Our question is this: once both birds are able to fly, where is it best to release them? Should we release them in the same area we found them to join their native flock? We have noticed hawks in the area and suspect that a baby pigeon re-introduced to the roof of the building was attacked by one. Are there areas where hawks are less likely to hunt? Will these pigeons be accepted once again by their native flock?

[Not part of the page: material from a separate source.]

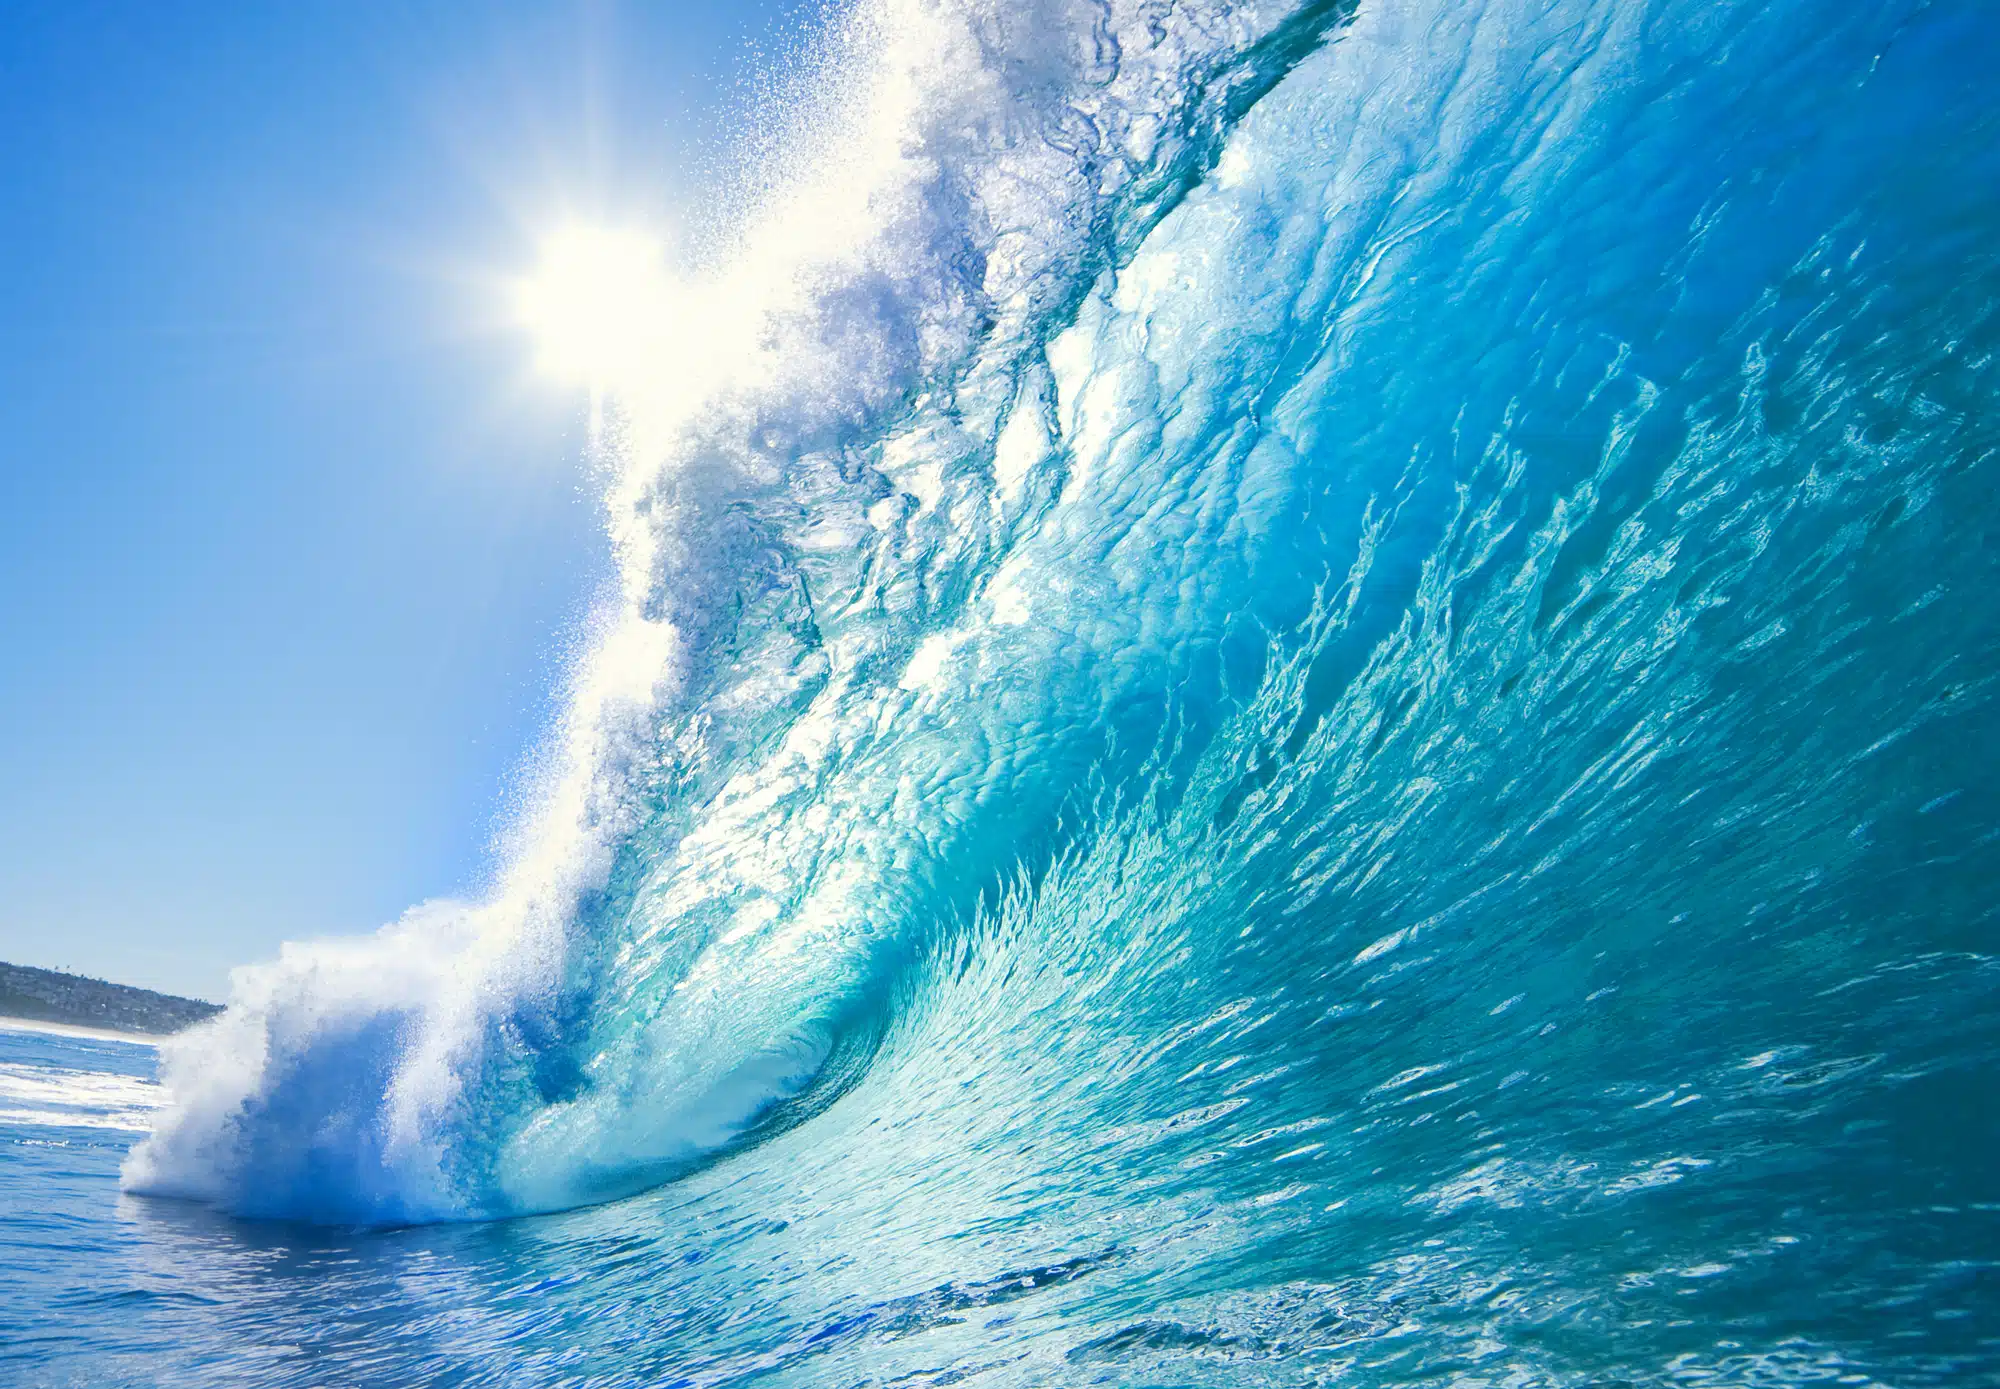 גלים באוקיאנוס שמתחיל לסבול ממחסור בחמצן.   <a href="https://depositphotos.com. ">המחשה: depositphotos.com</a>

Any advice would be helpful. Thank you!


----------



## Feefo (Feb 8, 2002)

Hi Corrina,

Ideally I like to return pigeons to the place that I found them, but if that place is dangerous and the pigeon is young (an adult pigeon would return to where it came from) then I will release them into a different flock where there is food and water and relative safety. Fortunately pigeons will accept strangers into their flock very quickly and the "flocks" that you see in city centres are usually an aggregation of pigeons from different flocks and different roosts.. The best time for release is early in the morning so that they have the day in which to become familiar with their surroundings.

Cynthia


----------



## Maggie-NC (Jun 22, 2005)

Before we release, we "case" different areas looking for, hopefully, another flock that is already established, a water source, like a stream, and older buildings where they may be able to roost. We check these areas out several days and try to release on a Saturday morning between 8 and 9 a.m. That gives them at least two days with less traffic to be concerned with. We also do not release when rain is in the forecast or when it is really hot or cold. The spring and fall are ideal times. We also put out a lot of seed and sometimes if we can't see a nearby water source will leave water. We go back for several days to leave more seed. Sometimes the birds will linger on top of a building near where we have released them but they usually leave after 2-3 days. They will not come down to us so we know they like being released and are just getting their bearings.

We have an ideal location within a mile of our house and have released some there only to find them in the yard the next day. So, you need to release a little away from home.


----------